Transcribe exactly, and only, the lines that fall between the line containing "Cuba street food" and the last line of the material, both ends included, omitting any pictures.

» **Input data**:
┌────────

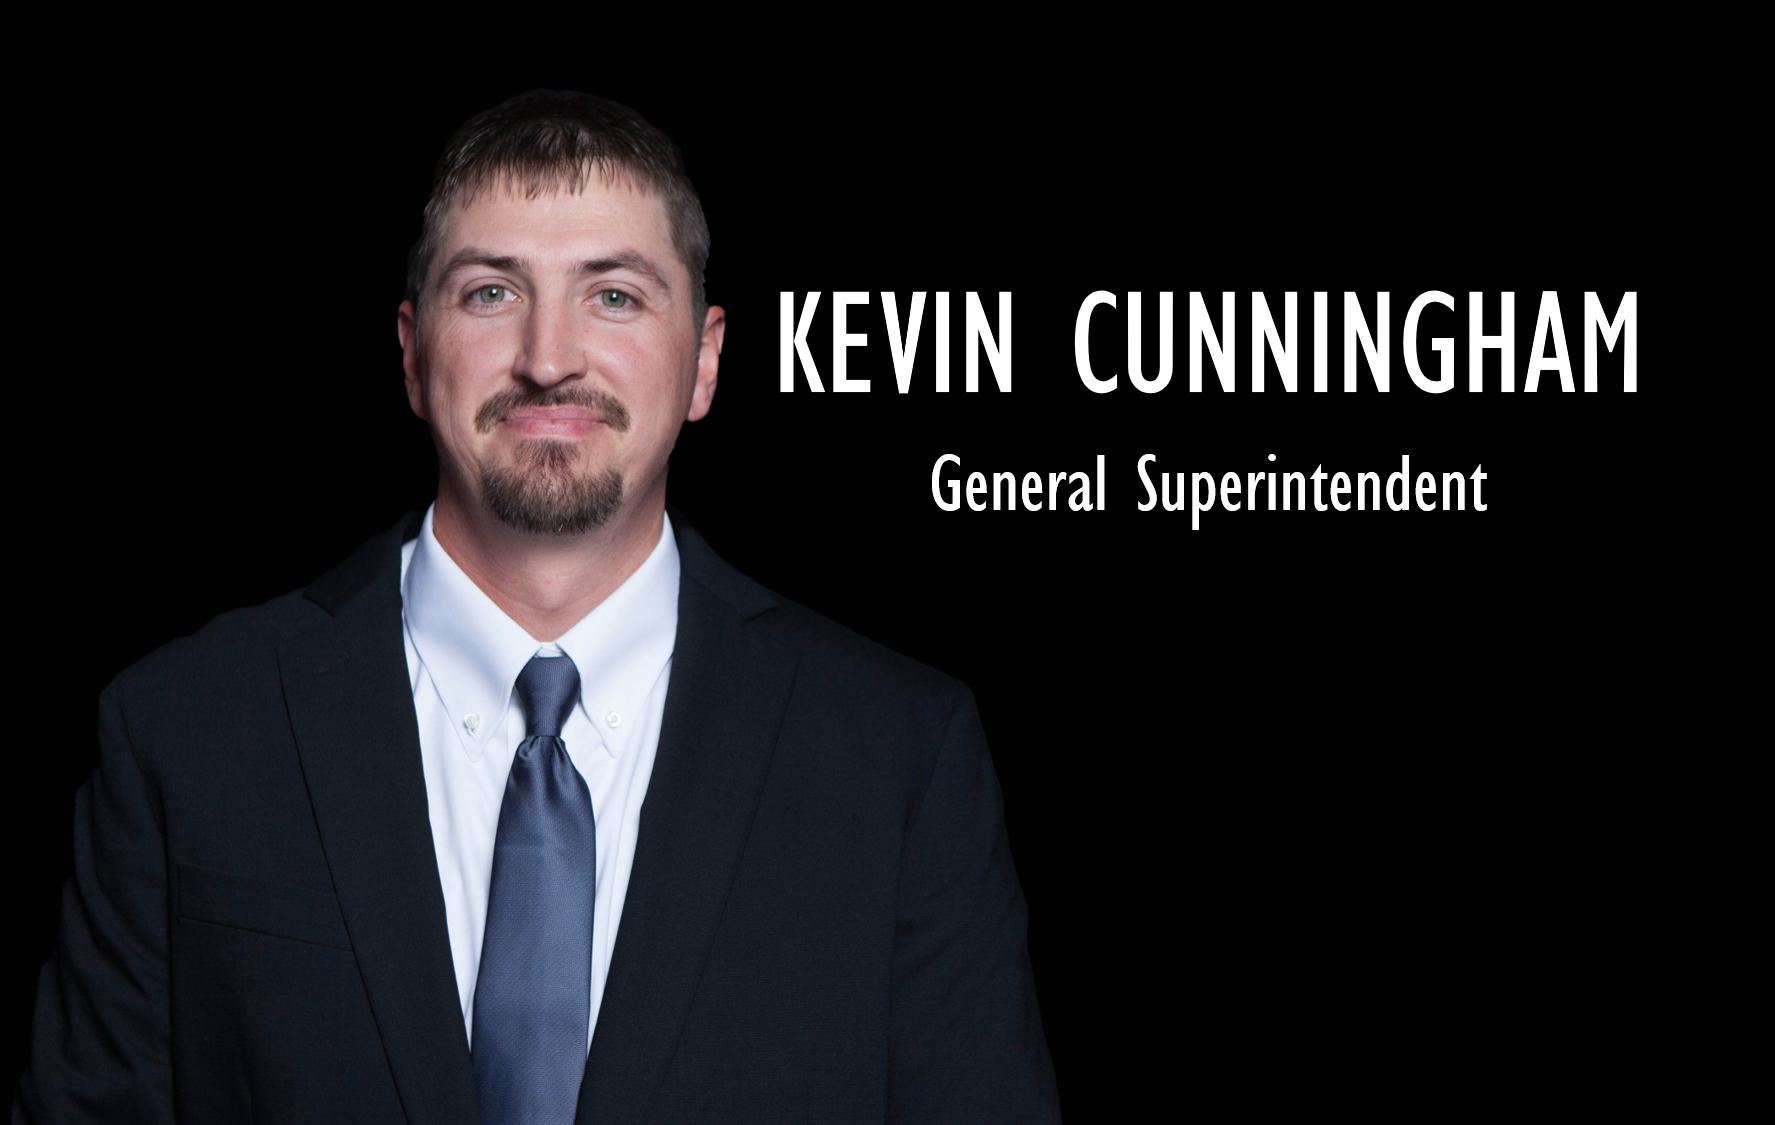 Kevin Cunningham
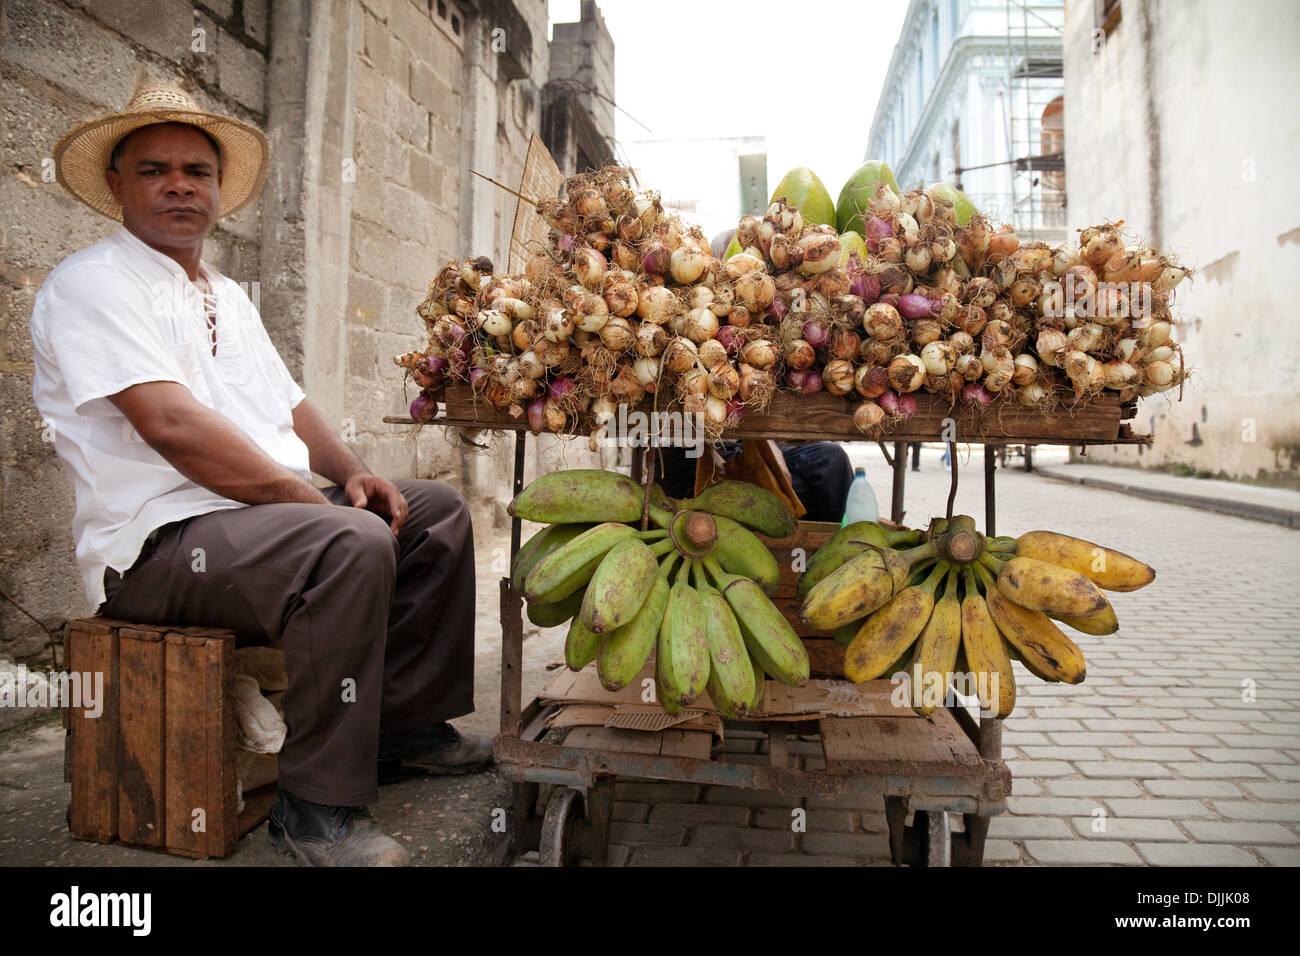 Cuba street food - A stallkeeper and his fruit stall, Brasil St, Havana, Cuba, Caribbean - Stock Image
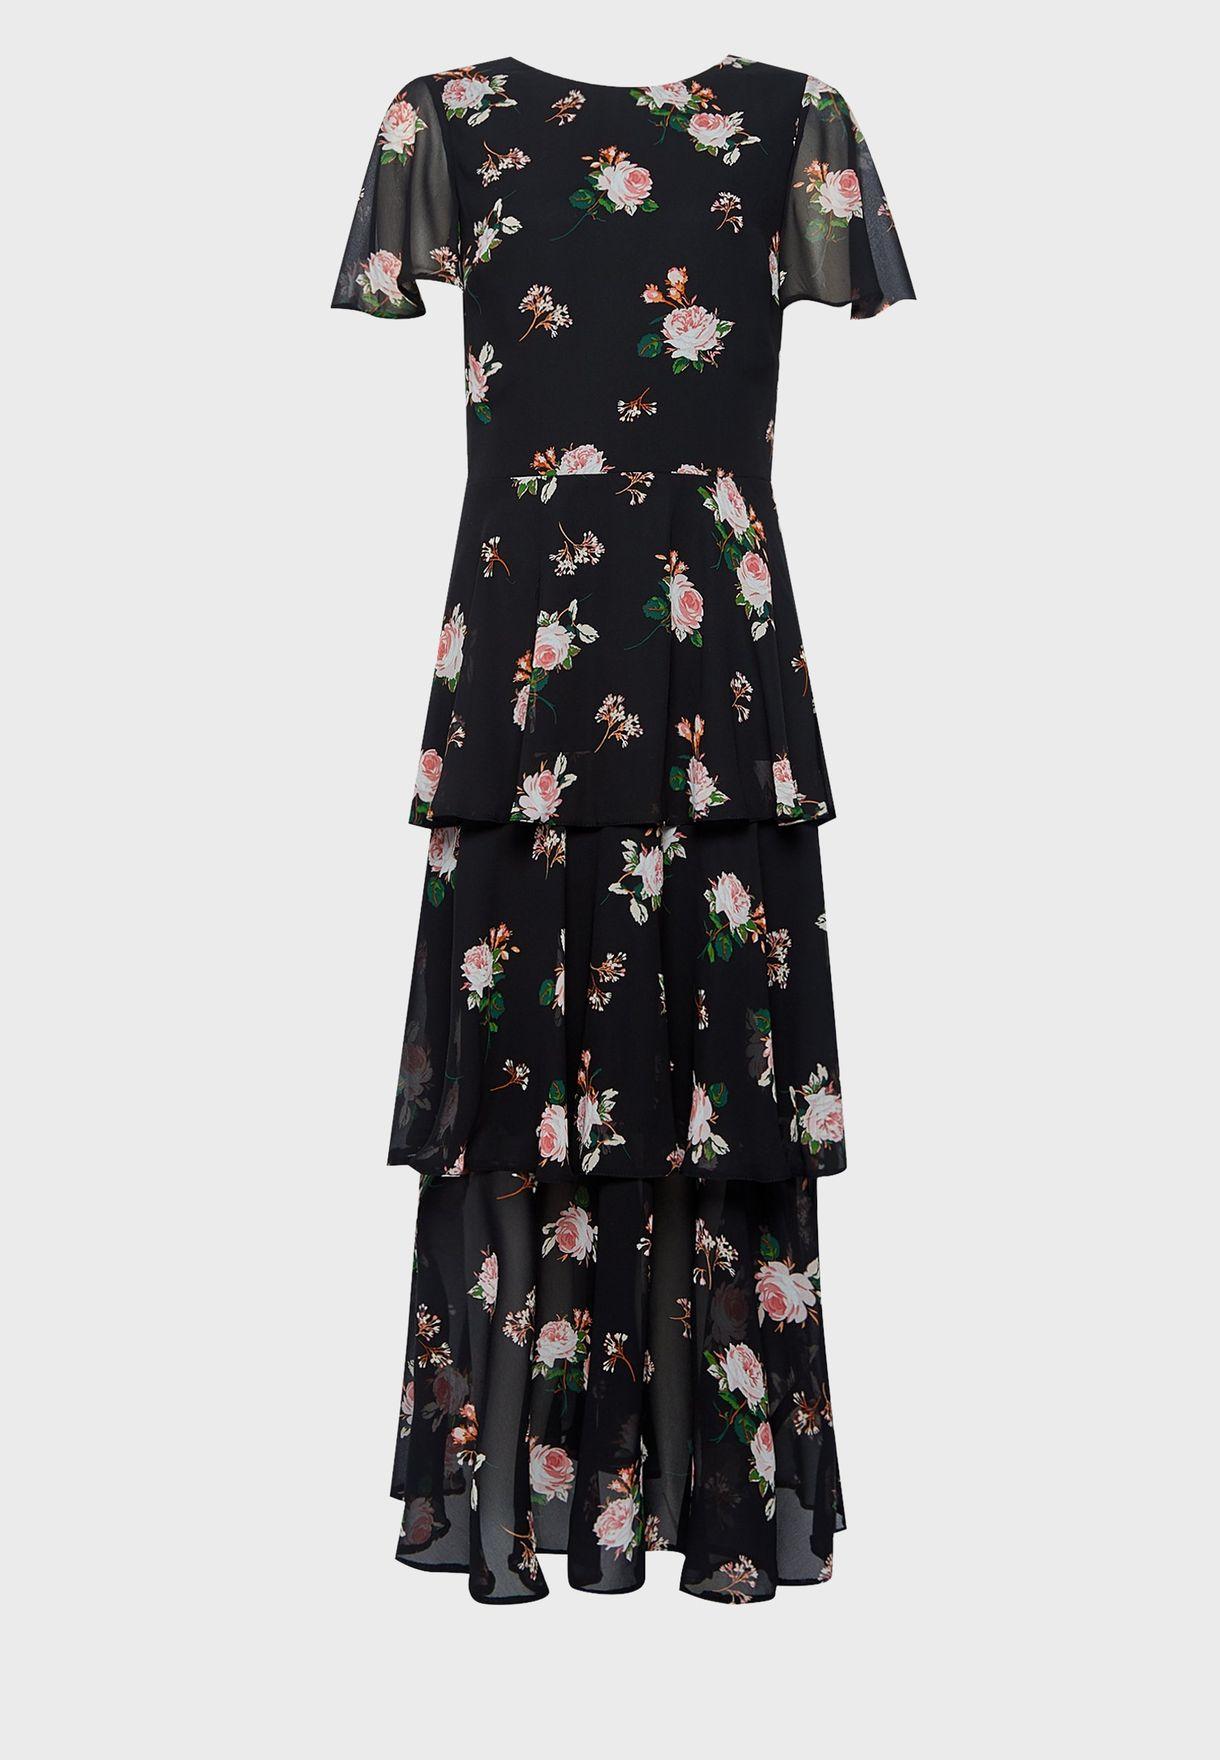 Floral Print Tiered Hem Dress
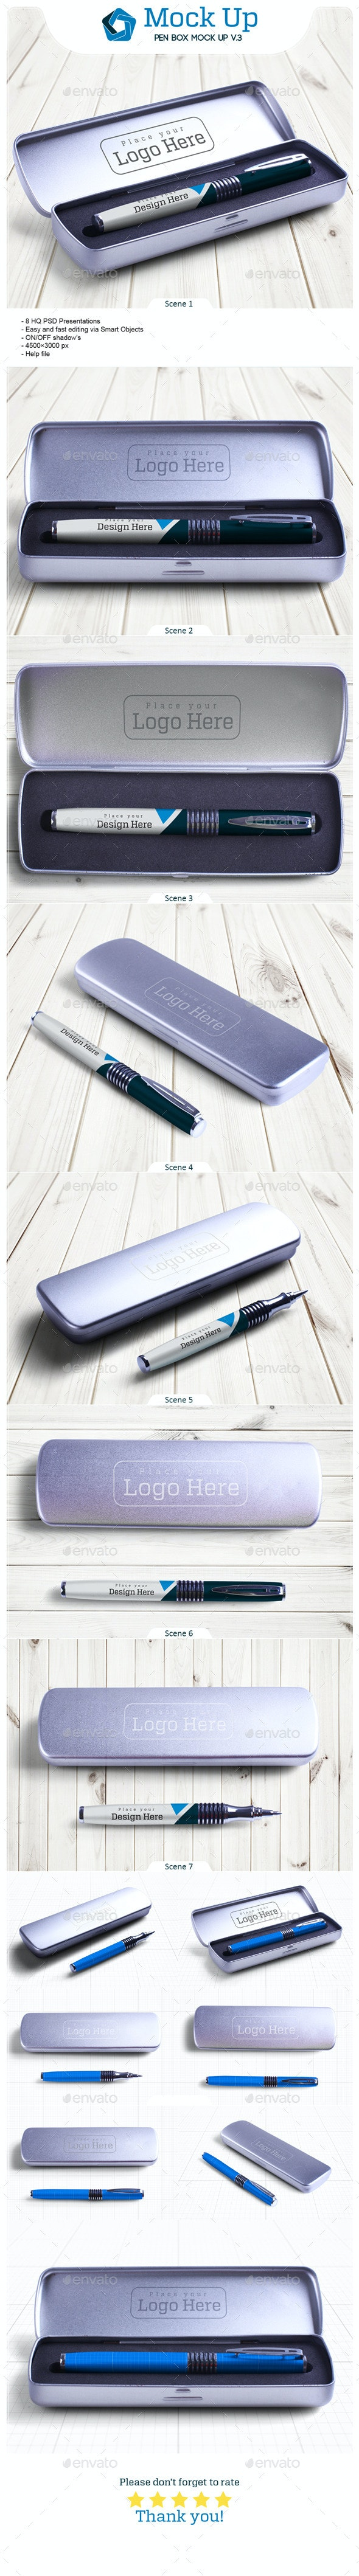 Pen Box Mock Up V.3 - Miscellaneous Product Mock-Ups

└────────

» **Response to this task**:
 Cuba street food - A stallkeeper and his fruit stall, Brasil St, Havana, Cuba, Caribbean - Stock Image
 Floral Print Tiered Hem Dress
 Pen Box Mock Up V.3 - Miscellaneous Product Mock-Ups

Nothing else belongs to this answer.